- Born: Nyokase Florence Chibambo April 30, 1939 Ekwendeni
- Died: February 26, 2024 (aged 84)
- Burial place: Mkhulu Village, Mzimba District
- Occupations: Radio Broadcaster, producer, journalist
- Years active: 1964-1994
- Employer: Malawi Broadcasting Corporation
- Children: Nyovani Madise, Khungekile Matiya, Sunduzwayo Madise, Dingiswayo Madise, Mwizayekha Madise

= Nyokase Madise =

Nyokase Florence Madise (30 April 1939 – 26 February 2024) was a Malawian radio broadcaster, producer and journalist. Madise worked for the Malawi Broadcasting Corporation (MBC) from 1964 until 1994 and was only the second woman employed by the state broadcaster. She headed MBC's women's desk and was the first producer and presenter of the programme Women's World.

== Early life ==
Nyokase Florence Chibambo was born on 30 April 1939 in Ekwendeni, Mzimba District, in the area of Traditional Authority Mtwalo. She married George Phangazindabo Madise in 1960, and worked as a teacher before entering broadcasting; in an interview, she said she had been recruited into broadcasting by Aleke Banda, who was then a cabinet minister in the government of Hastings Kamuzu Banda.

== Career ==
Madise joined the Malawi Broadcasting Corporation in 1964, the year of Malawian independence, working as a presenter, reporter and producer. Shortly after being hired, she became the first woman in Africa to be sent to the United Kingdom for training with the BBC. Madise headed MBC's women's desk and was the first producer and presenter of Women's World, a development programme dealing with issues facing women in Malawi and elsewhere. She also produced and presented Theatre of the Air, Song Book Days and Writer's Corner, among other programmes; she also worked as a studio and outside broadcast producer, including live coverage of President Banda and state banquets. She rose to assistant controller before leaving the corporation in 1994 after thirty years. The Malawian writer and former minister Ken Lipenga remembered being taught tape editing during vocational placements at MBC in the 1970s when Madise was departmental head.

== Malawi Media Women's Association ==
In 1994 Madise became the founding vice-chairperson of the Malawi Media Women's Association (MAMWA), formed by journalist Janet Karim in the run-up to the International Conference on Population and Development in Cairo and the Fourth World Conference on Women in Beijing. Karim served as chairperson, and Stella Mhura as secretary. The organisation's first meeting, held at the offices of the Malawi News Agency, was attended by more than fifteen women working for the news agency MBC and the Daily Times.

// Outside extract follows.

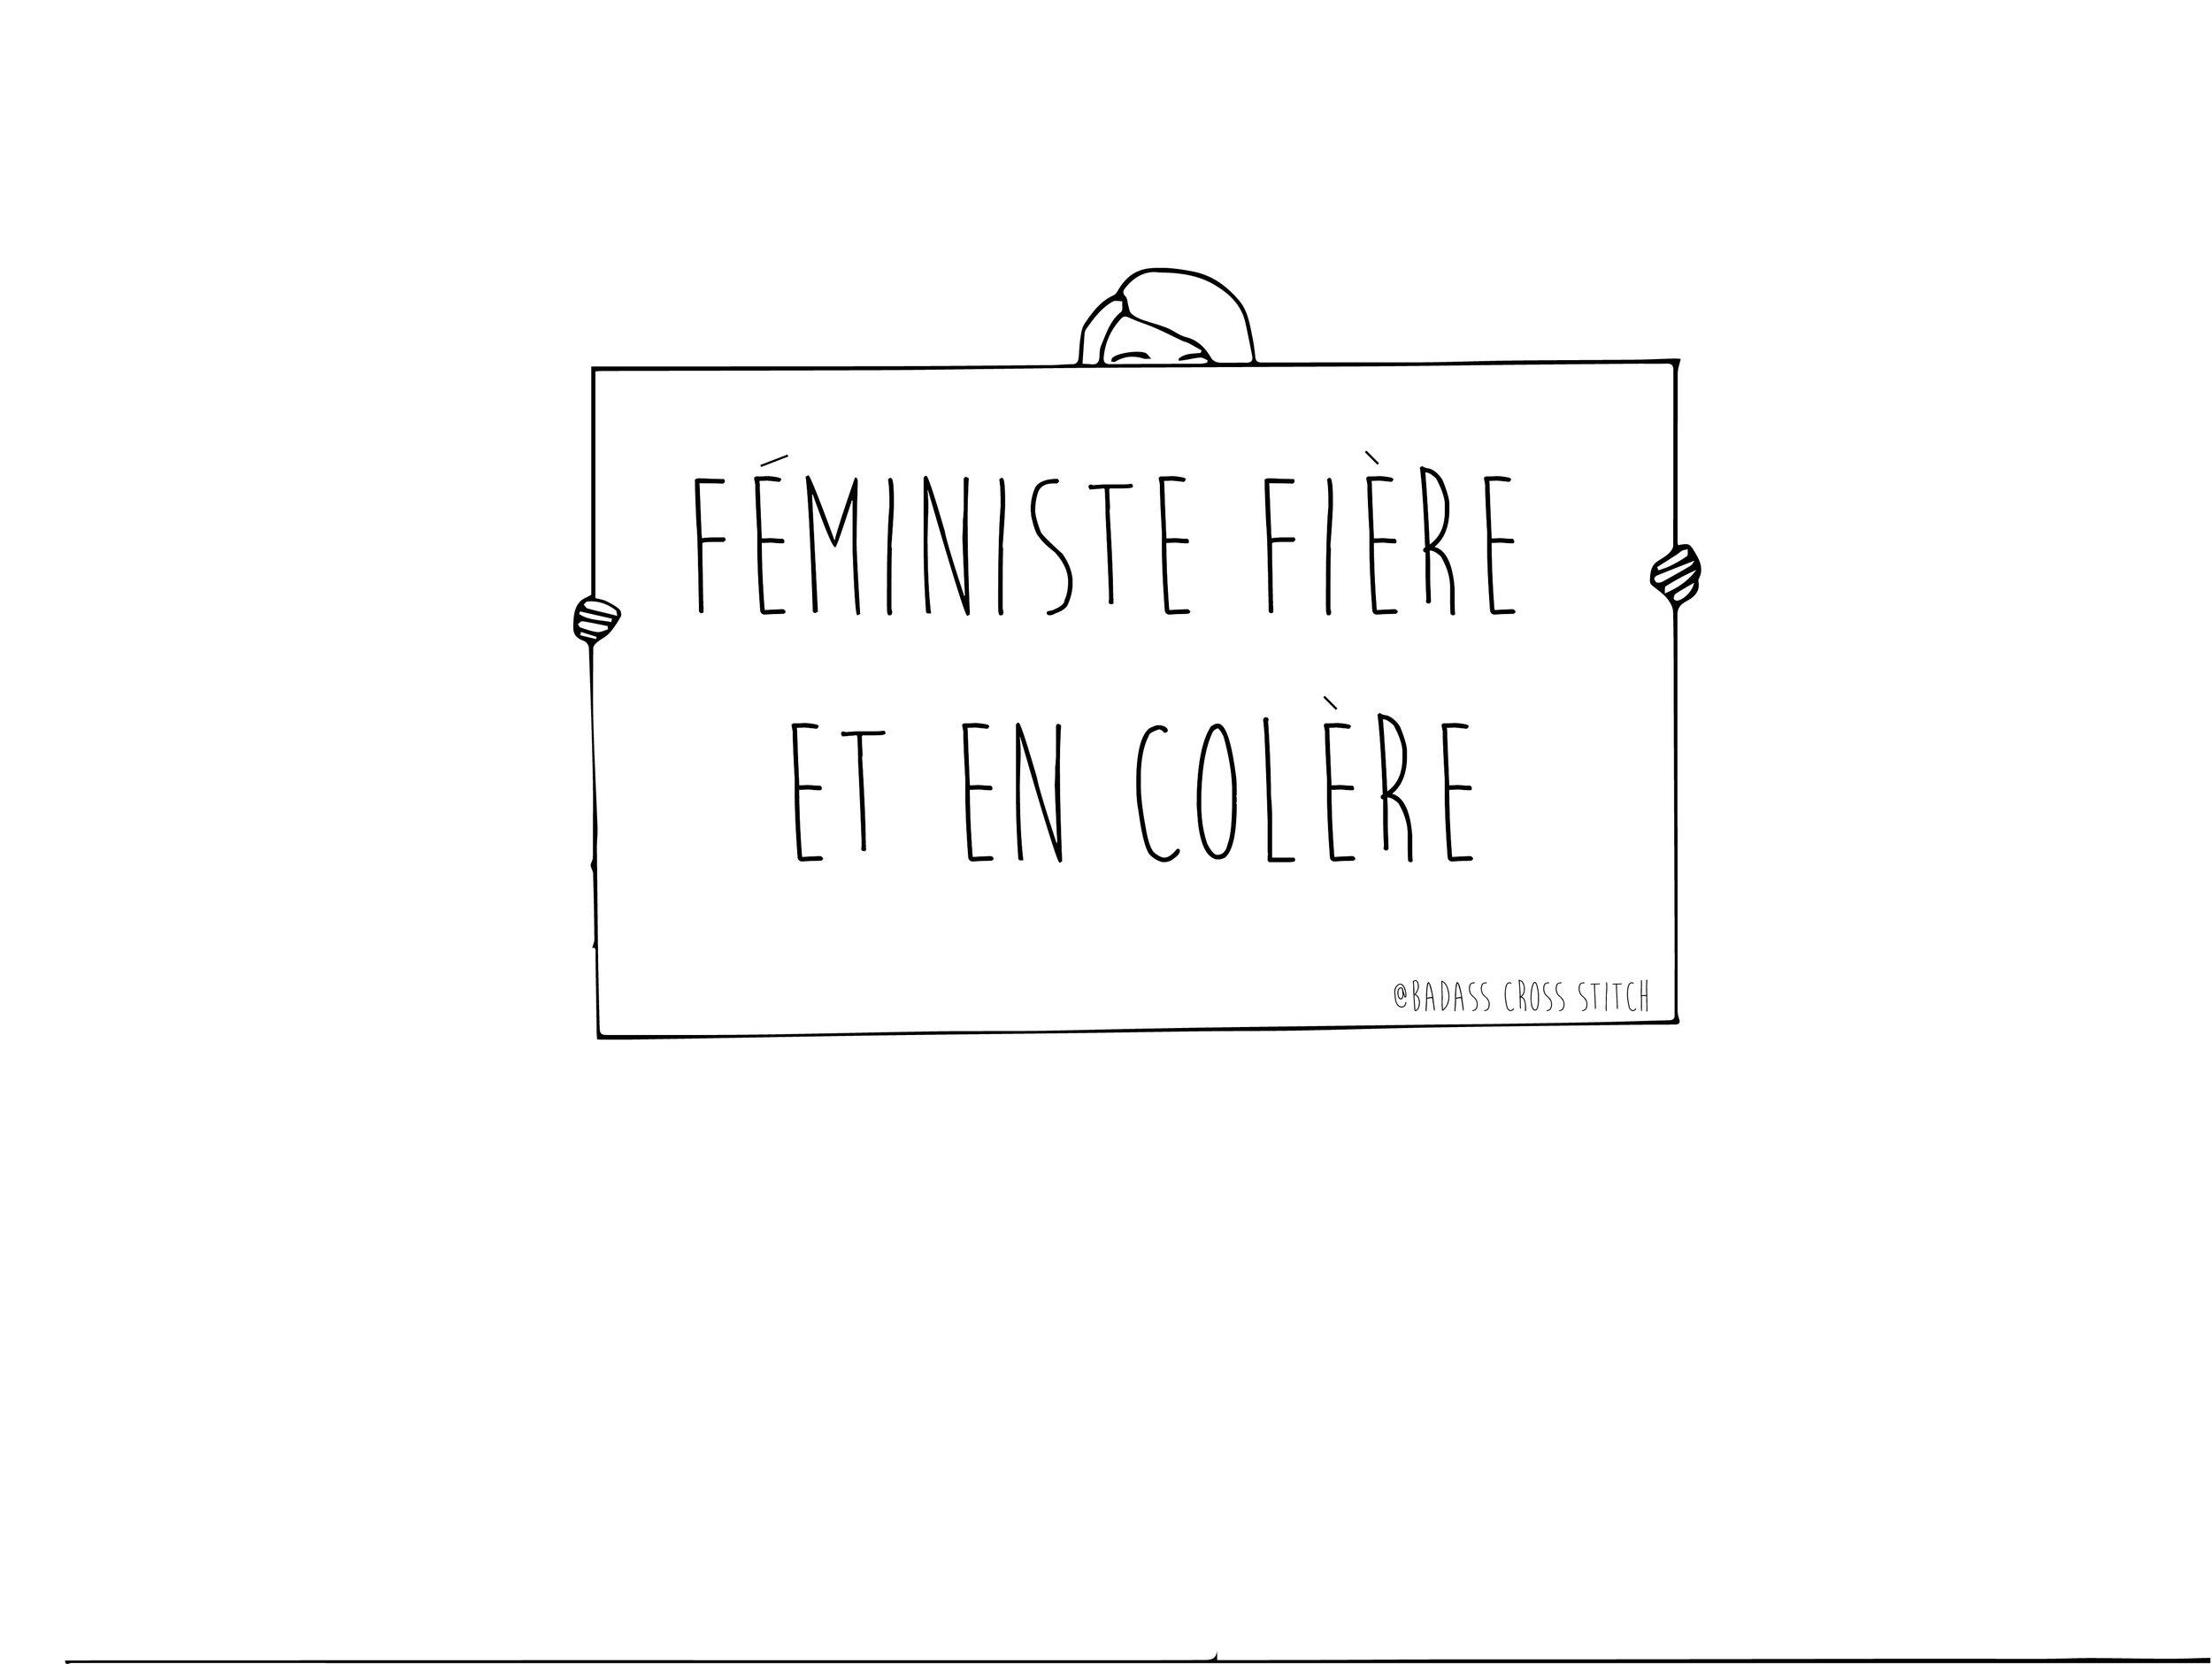 TinyShannon-feministFrench.jpg
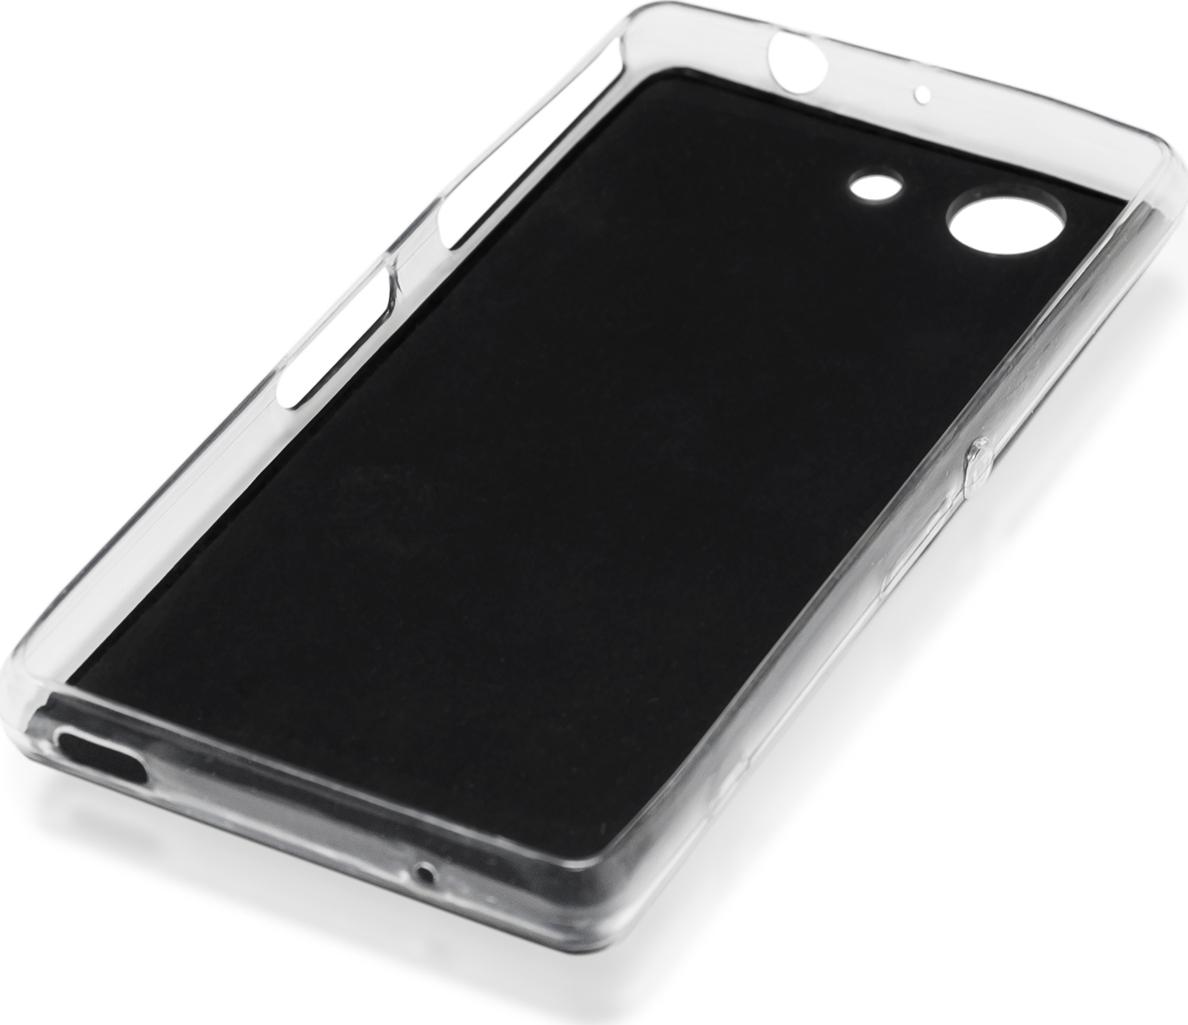 Чехол Brosco Leather TPU для Sony Xperia Z3 Compact, черный

== Later life and death ==
After retiring from MBC, Madise produced and presented radio programmes on a voluntary basis for a religious station, Trans World Radio. Madise had seven children, including Supreme Court Judge Dingiswayo Madise, human rights lawyer and lecturer Sunduzwayo Madise, academic Nyovani Madise and Khungekile Matiya, a former president of the Netball Association of Malawi. She died on the night of Monday 26 February 2024 in Mzuzu, where she had been living. After collapsing at home, she was pronounced dead on arrival at the hospital. She was 84. She lay in state at her residence in Mzuzu and was buried on 29 February 2024 in Mzimba District, in the area of Traditional Authority Mtwalo. Her death was described as a loss for the nation's creative industry.